Step 3: Split paragraph-level abstracts to sentence-level abstracts:
-- nltk.sent_tokenize(option 1)
-- import spacy
nlp = spacy.load(..)
doc = nlp(..)
sents = doc.sents
Step 4: Select sents for each abstracts that we need:
1. Rule-based
-- selectSciStatementSents.py: define some functions and rules as tools for dataSelection.py.
-- dataSelection.py: return the non_sci_statement_sents and sci_statemnt_sents.
-- SelectBioSentsScispacy.py: return bio_sci_statement_sents and n non_sci_statement_sents by using Scispacy.
Or -- SelectBioSentsBERN2.py: return bio_sci_statement_sents and n non_sci_statement_sents by using Scispacy.
-- MetaMap.py: a wrapper used to get the mapping results when input one sentences
-- datapreprocesForMetaMap_and_getMMres.py: Utlizing MetaMap.py tools and remove some characters that UMLS can not recognize. Finally, store the mapping results in .json file.
Step 1: Extract the Utttext(a sent) from MetaMap results.
Step 2: Extract the mapped entities and its semTypes from the MetaMap results.
--- the steps mentioned above are achieved in combination_svo_and_metamap.py file with the function of handleMMres
Extract SVOS for each simplified sents combing the MetaMap results.
-- combination_svo_and_metamap.py
--- handleMMres: Extract the Utttext(a sent) from MetaMap results.

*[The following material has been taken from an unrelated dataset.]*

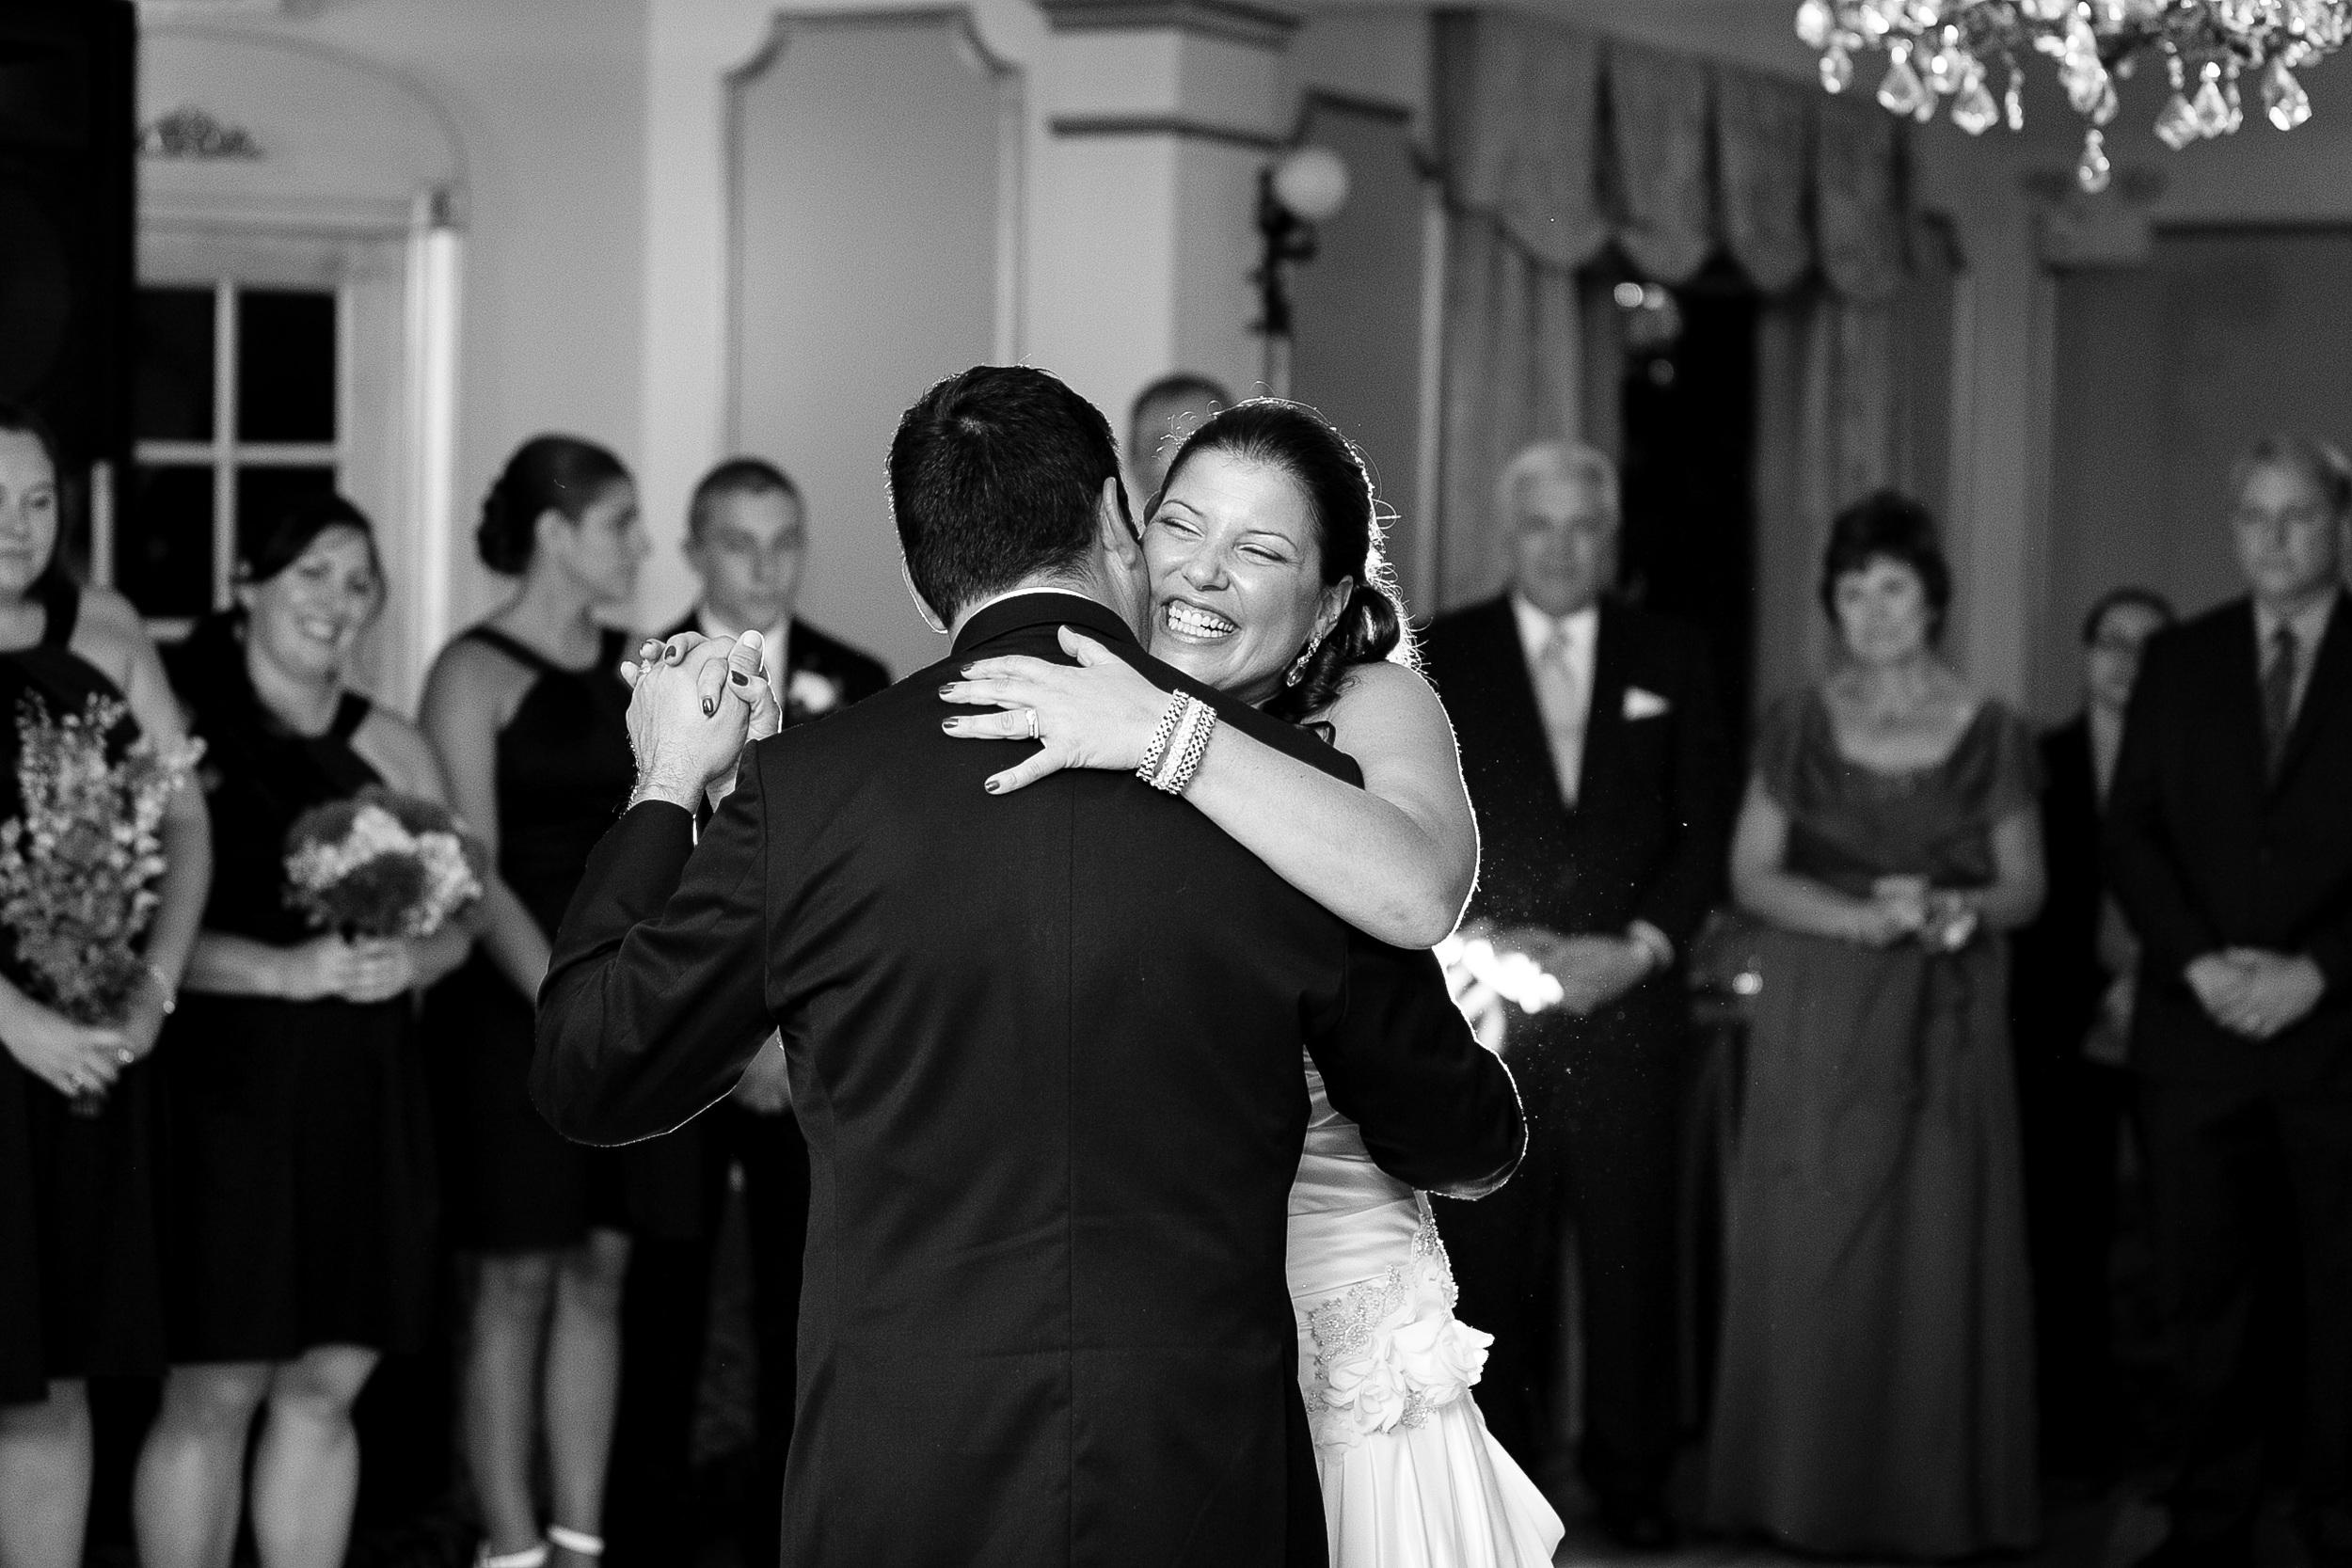 Elegant-Wedding-The-Fox-Hill-Inn-Brookfield-Connecticut-Photojournalistic-Photography-by-Jacek-Dolata-26.jpg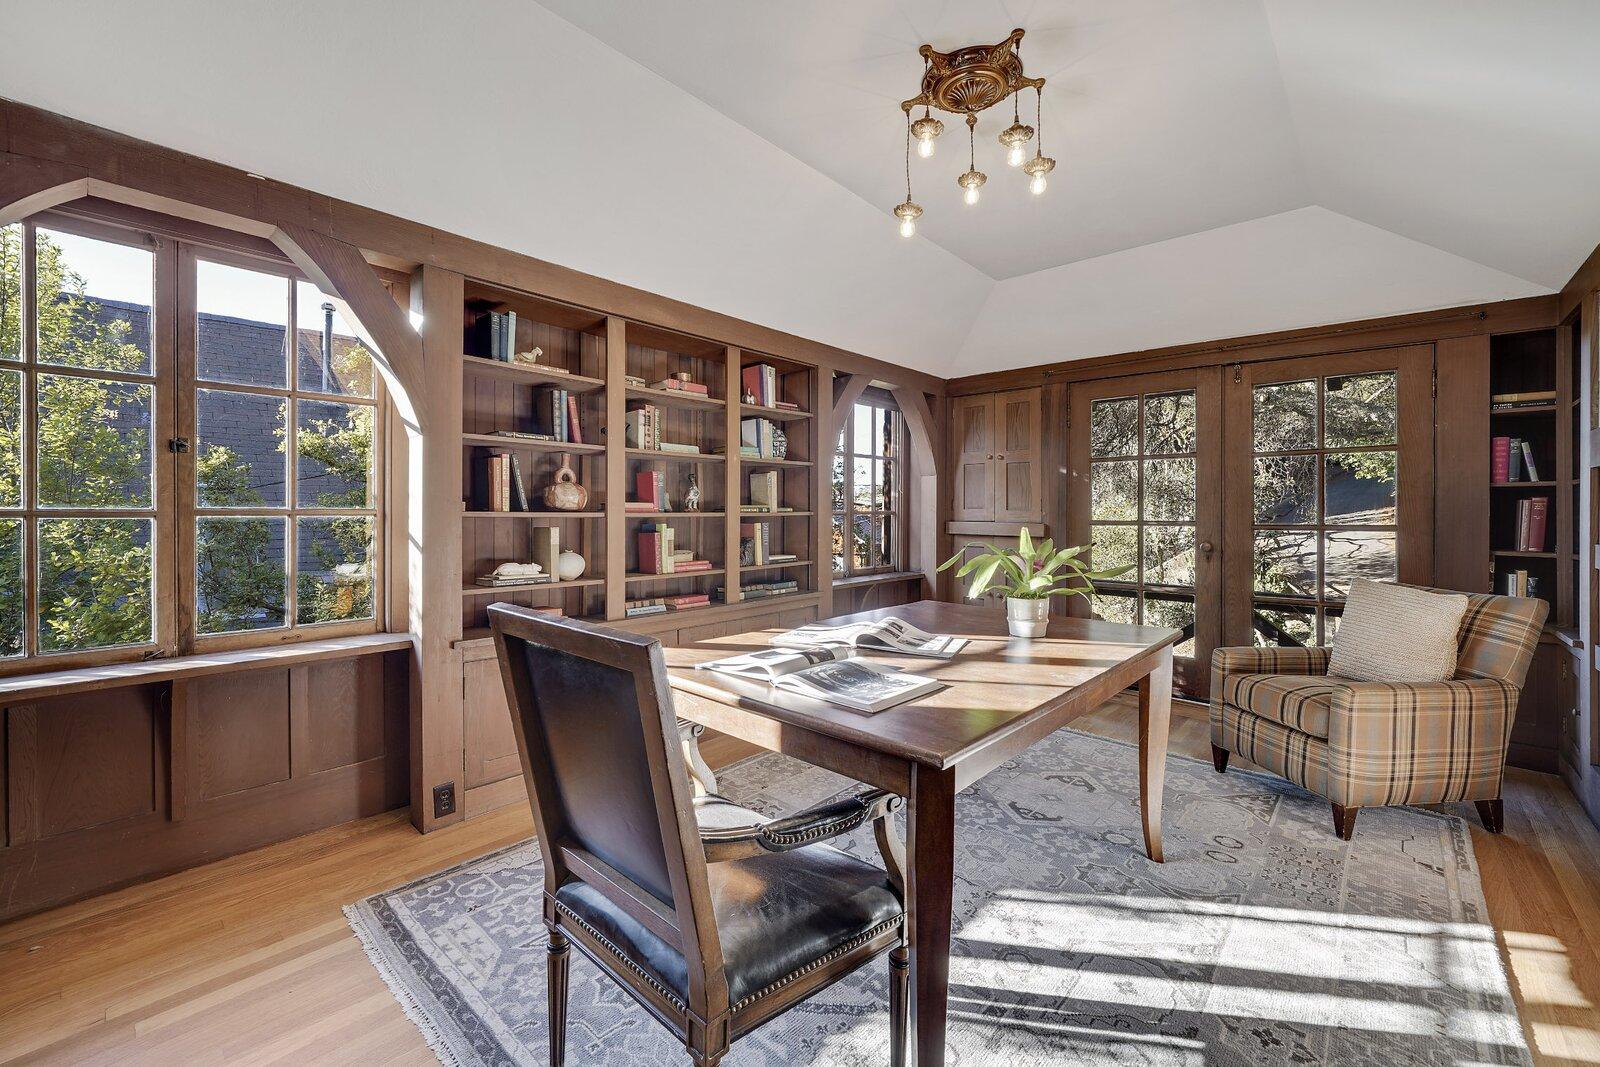 Ericsson-Bray House library

Extract the mapped entities and its semTypes from the MetaMap results.
--- getSVOs_w_sem_and_wo_sem: Extract the svo w/wo semtypes based on MetaMap results based on StanfordCoreNLP Tools.
1. Evaluate whether the selected sentences belongs to the specific domain.
-- Utilizing the results of the dataSelection.py as training to fine-tune a pre-trained LM. Then using this fine-tuned model to distinguish whether one sentence is sci statement or not and to extract the sci statement sentence.
2. Evaluate whether the extracted triplets meets our requirements.
-- Methods 1: using rule-based(syntax parsing) to extract svos directly.
--- Failed Reason: We need more self-defined rules to extract a sentence when the sentence includes more complex components.
-- Methods 2: using ClauseIE to extract svos directly.
--- Failed Reason: Although this method could extract svos that are in clause sentences. But other important information of a sentence is lost,such as numerical information or time information.
-- It is a tool for open-domain triplets extraction.
-- It combines rule-based and deeplearning methods to extract triplets and to filter some wrong triplets because of its syntax.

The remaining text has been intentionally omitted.